Save and sign – clinical workflow documents
Don’t forget to save your records if you are leaving your computer unattended.
See the flowchart below to find out the correct pathway to follow when inputting documentation.
Trust-wide Unity implementation update – Issue 4 – Top Tips
All inpatient services in community facilities and hospitals are now live. We start outpatient go live at 6am on Monday. Thank you for your help to make the start of go live fortnight a success.
Top Five Tips
A few common issues have been picked up so far. Please take note of the following top tips:
- Don’t forget to save and sign your records
Sign and save your entries in Unity to ensure your colleagues can see your notes. Notes and additions to patient records in Unity must be signed and saved on the system for them to become visible against patient records. If you fail to save and sign before you tap out you run the risk of losing data. Today we have 3096 unsigned document entries which cannot be seen by other colleagues. Congratulations to M2, D7, Sandwell Critical Care and P5 for having less than 10 unsigned documents in a whole day.
- Completing VTE assessments in Unity
Currently we have 17 patients with missing VTE assessments. VTE assessments are critical to providing safe patient care. All patients who require a VTE assessment must have this completed within six hours of the patient being admitted, in line with our Safety Plan. VTE assessments should be entered into Unity in real-time. Failure to process VTE assessments will result in a ‘hard stop’, effectively preventing a patient from progressing through to discharge home.

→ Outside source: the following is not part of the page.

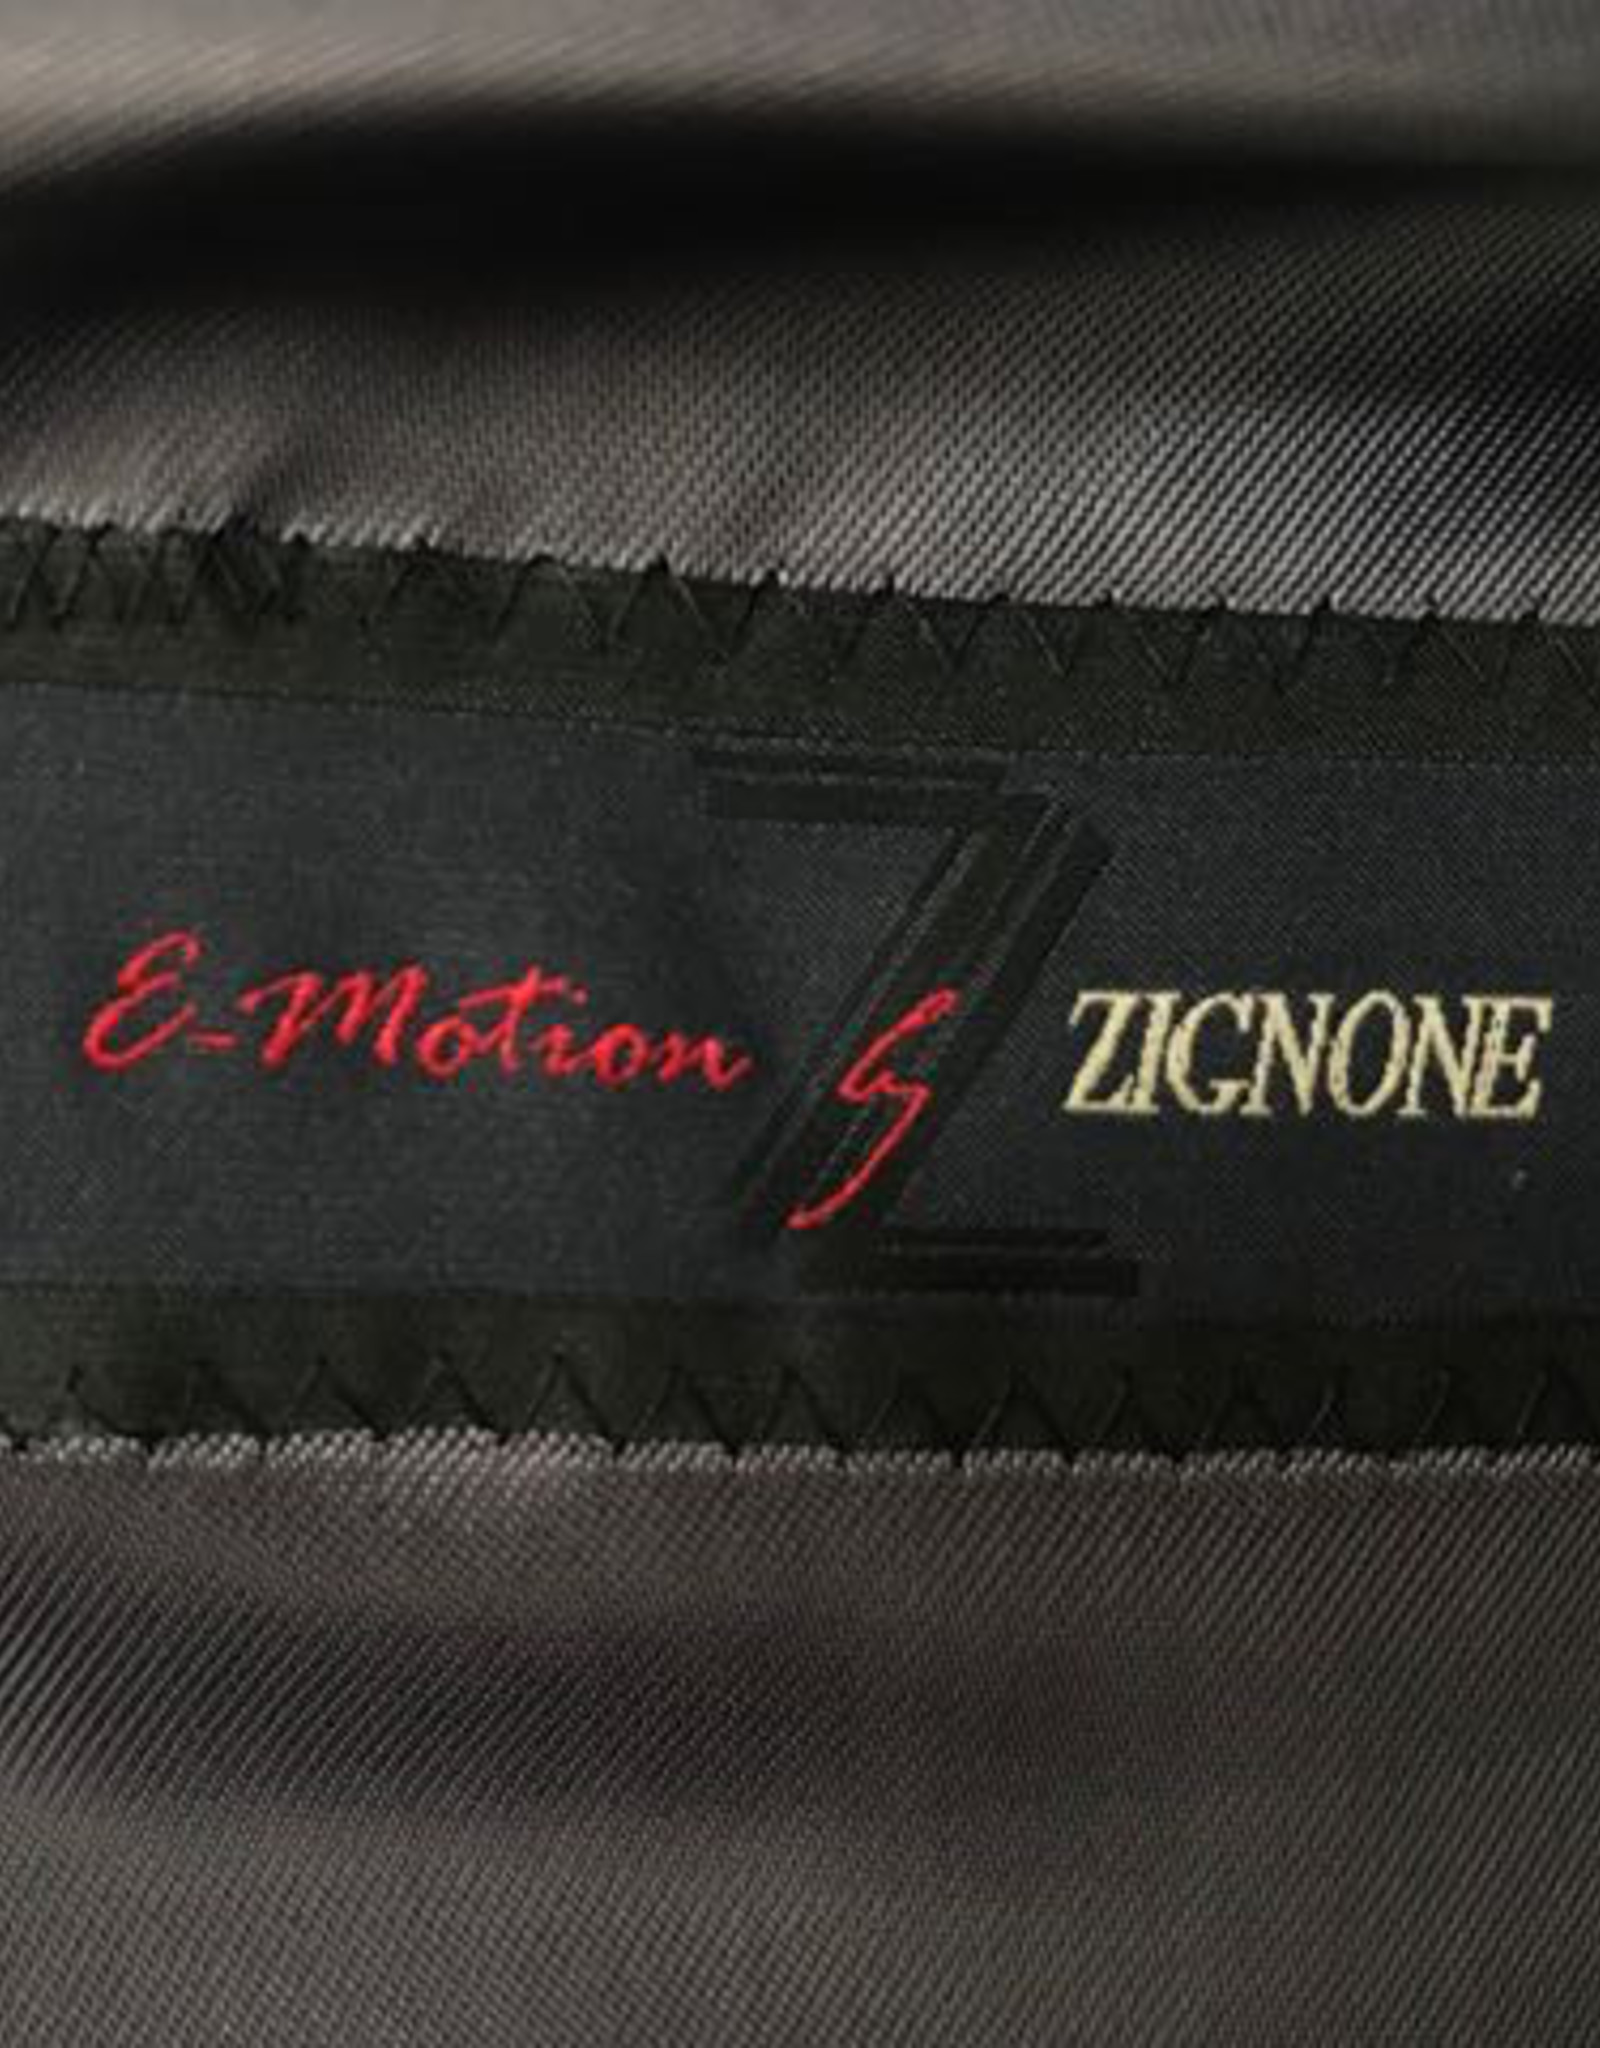 Bäumler Bäumler Sakko BK, Zignone E-Motion, karo

- Administering medication: Ensure you scan the patient wristband
Today, at City Hospital, which went live yesterday, 161 medications have been administered without scanning the barcode on the patient’s wristband. Our best performers are City ED and D28 with just one such error. Colleagues are reminded that when carrying out medication administration, patient wristbands must be scanned. This is the long barcode next to the RXK number and not the square QR code in the centre of the wristband. This is different to the workflow you may have followed in the play domain.

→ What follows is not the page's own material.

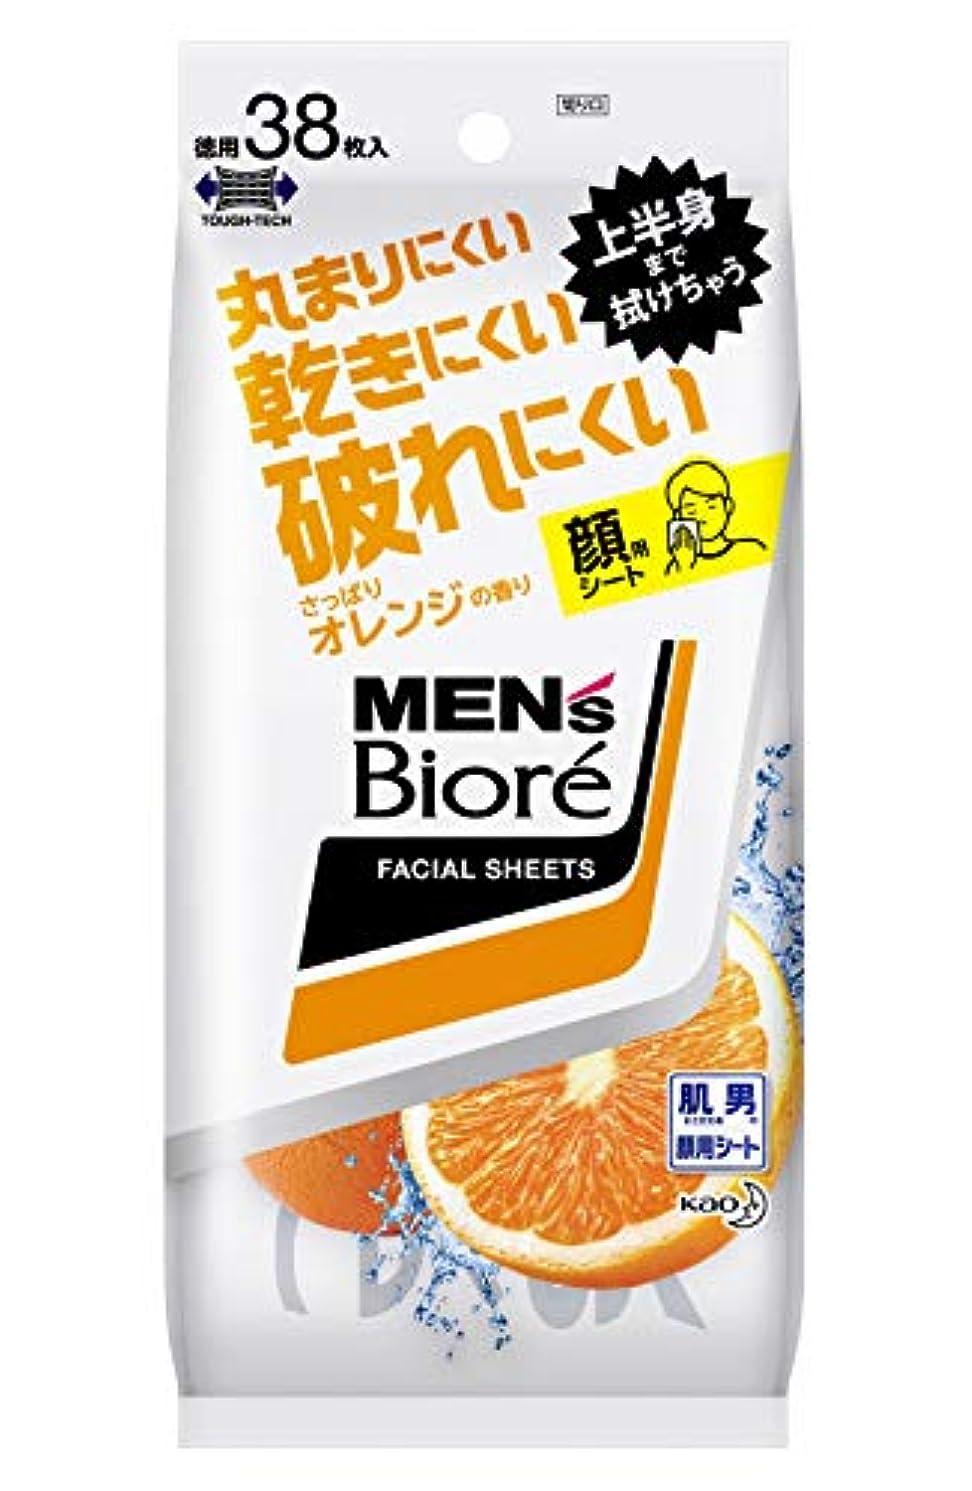 狂信者ポーン疎外するメンズビオレ 洗顔シート さっぱりオレンジの香り <卓上タイプ> 38枚入

Bypassing wristband barcode scanning poses a risk to positive patient identification.
- Results endorsement
It is important that all colleagues are familiar with the process for endorsing results in Unity, both for laboratory and imaging reports. Congratulations to City AMU1 who have endorsed correctly 25% of issued results which is the best current performance in the Trust. During next week this indicator is one that we all need to focus on in order to improve the safety of the care we provide.
The following QRGs on Connect can be referred to for help:
- MC03 – Endorsing results in message centre
- RT07 – Reviewing results
- RT08 – Viewing and forwarding results
- RT10 – Endorsing results
Results for tests such as radiology and pathology returned after 16 September are logged within Unity. However, if results for tests were returned before 16 September, you will find these in CDA/CSS.
- Documenting samples when collecting bloods in Unity
Remember when you are collecting bloods you must first print the label then take the blood sample and finally, mark the sample as collected within Unity. If you do not do this it is not possible to endorse the result when it is returned to the hospital from the laboratory. Over half of yesterday’s samples were collected with this omission.